Ob die teilweise chaotischen Zustände, die wir mit Beendigung der nicht all zu weit zurückliegenden Kolonialzeit hinterlassen haben, die Verschiffung billigen Geflügelfleisches aus der Massentierhaltung, das nicht gut genug für den deutschen Markt ist und die Landwirtschaft im Zielland schwächt, die Freude über den Kauf von 10 T-Shirts für witzlose 10€ bei Primark oder der Erwerb von Fischereilizenzen durch die EU und weiterer führender Industiestaaten für die Meeresgewässer vor den Küsten Afrikas von korrupten Regierungen, wodurch selbst die einfachste, aber bedeutende Lebensgrundlage vieler Menschen - der umweltverträgliche Subsitenzfischfang - drastisch geschwächt wird: Die Liste der Auswirkungen unseres täglichen (globalen) Handelns und das der Lobby (Beispiel-Stichwort Rüstungsexporte) ist endlos lang und so oft wir davon direkt oder indirekt profitieren, leiden darunter meist die Menschen, die wir im realen Leben normalerweise eher selten zu sehen bekommen (haben). Und am Ende heißt es dann trotzdem zu Recht, dass Deutschland weder die halbe Welt aufnehmen kann, noch die Hauptursache für all das Elend dieser ist. Aber jeder kann dazu beitragen, sie ein klein wenig besser zu machen. 
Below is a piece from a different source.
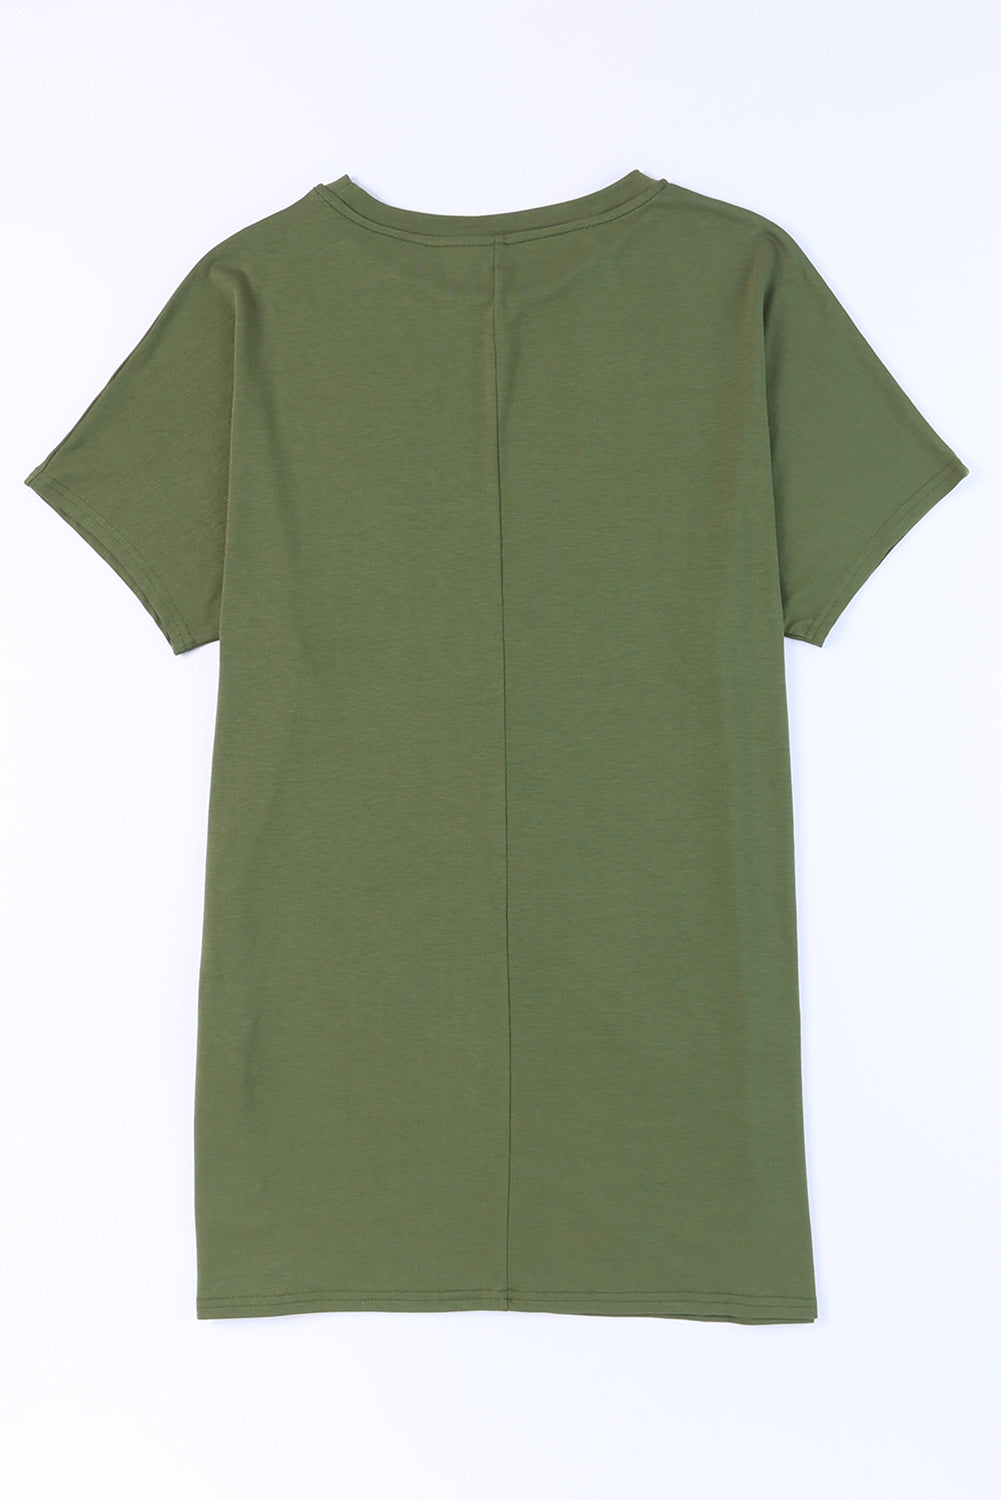 Haut tunique vert clair à manches courtes et poches latérales

Natürlich habe auch ich schon negative Erfahrungen mit Menschen mit ausländischen Wurzeln in Deutschland gemacht - gerade auf dem Fußballplatz. Aber davon abgesehen, dass es davon auch reichlich mit rein deutscher Beteiligung gab, kann ich genauso gut sagen: Egal, wo ich bisher in Afrika einen Fußballplatz betreten habe - und sei man der einzige Weiße - der Ball hat mich erreicht, bevor ich mich vorstellen hätte können. Und das lag sicher nicht an ihrer unbegründeten Hoffnung, dass die Beine in blau-weiß glänzenden Stutzen talentiert sein könnten. Kein asoziales Verhalten, kein Treten, kein Gepöbel - hier wird einfach nur Fußball gespielt.
Und so fühle ich mich hier auf den 50x100 Metern genauso wohl wie auf dem Grandplatz des BSV damals bzw. dem Rasen des TV Nebringen heute."